附言我在格式化这个问题时遇到了一些问题,因此很不统一。
答案 0 :(得分:2)
我们通过取序列为1的累积总和来创建分组变量,然后filter
仅包含9个元素的组,而slice
在{{1之后, }}按arrange
结尾的顺序排列“日期”,以照顾到“最低”价值存在联系的情况
desc
或df %>%
group_by(group = cumsum(sequence == 1)) %>%
filter(n() == 9) %>%
select(date, low) %>%
arrange(desc(date)) %>%
slice(which.min(low)) %>%
ungroup %>%
select(-group)
# A tibble: 3 x 2
# date low
# <date> <dbl>
#1 2019-01-04 18
#2 2019-01-14 1
#3 2019-02-03 9
的类似选项
data.table
答案 1 :(得分:2)
另一种dplyr
可能是:
df %>%
group_by(group = cumsum(sequence == 1), rleid = with(rle(group), rep(seq_along(lengths), lengths))) %>%
filter(all(c(1:9) %in% sequence)) %>%
slice(which.min(rank(low, ties.method = "last"))) %>%
ungroup() %>%
select(-group, -rleid)
date sequence low
<date> <dbl> <dbl>
1 2019-01-04 4 18
2 2019-01-14 1 1
3 2019-02-03 8 9
在这里,首先,创建“ sequence” == 1的累积和以及基于该累积和的rleid()

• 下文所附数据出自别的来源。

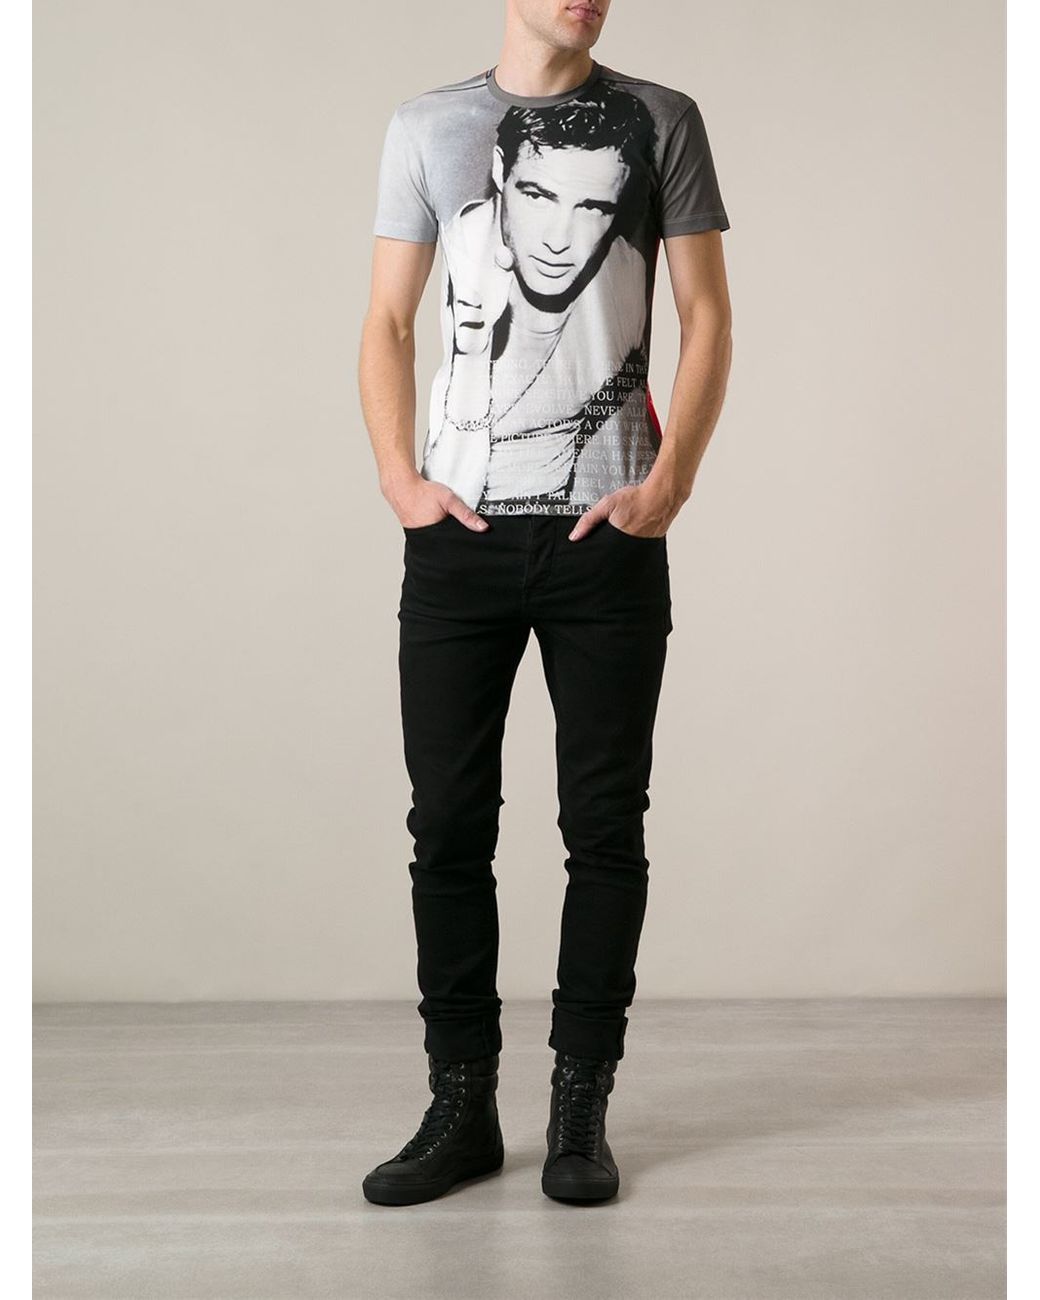 Dolce & Gabbana Marlon Brando T-Shirt in Gray for Men | Lyst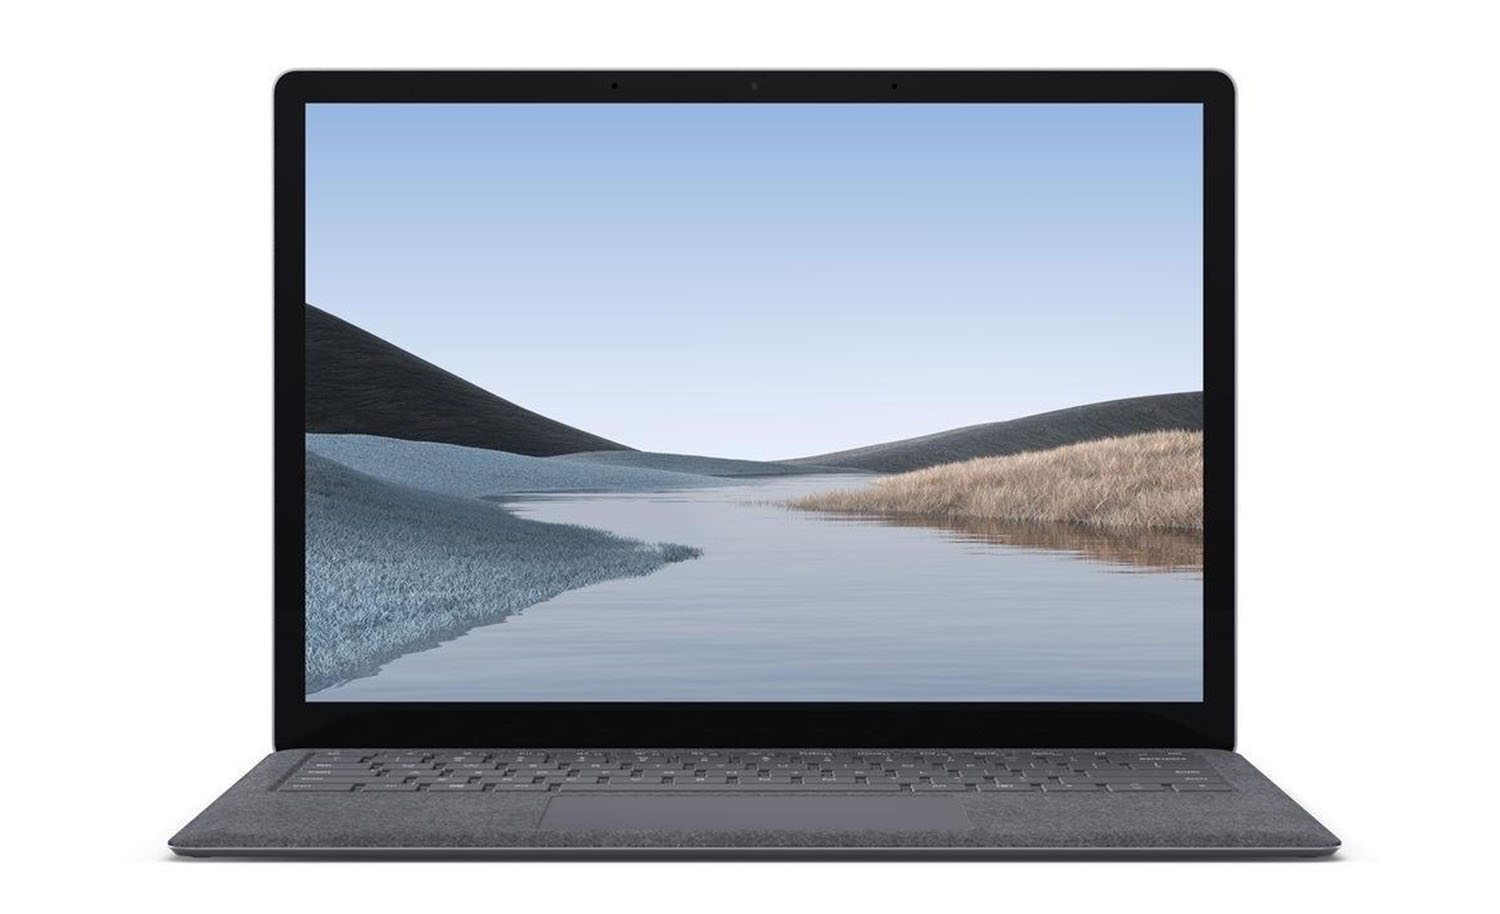 Microsoft Surface Laptop 3 Intel Core i7 10th Gen 16GB RAM 512GB SSD Touchscreen Windows 10 Pro

类变量,然后按两者进行分组。其次,它消除了序列不包含所有九个值的情况。最后,在关系返回最后一个最小值的情况下,它返回每组的最小值(您可以通过参数ties.method
对其进行修改。)
答案 2 :(得分:1)
在基数R中也是可能的。不过,可能有点 map sy。
w <- which(df$sequence == 1)
w <- w[sapply(w, function(x) df$sequence[x + 8] == 9 & sum(df$sequence[x:(x + 8)]) == 45)]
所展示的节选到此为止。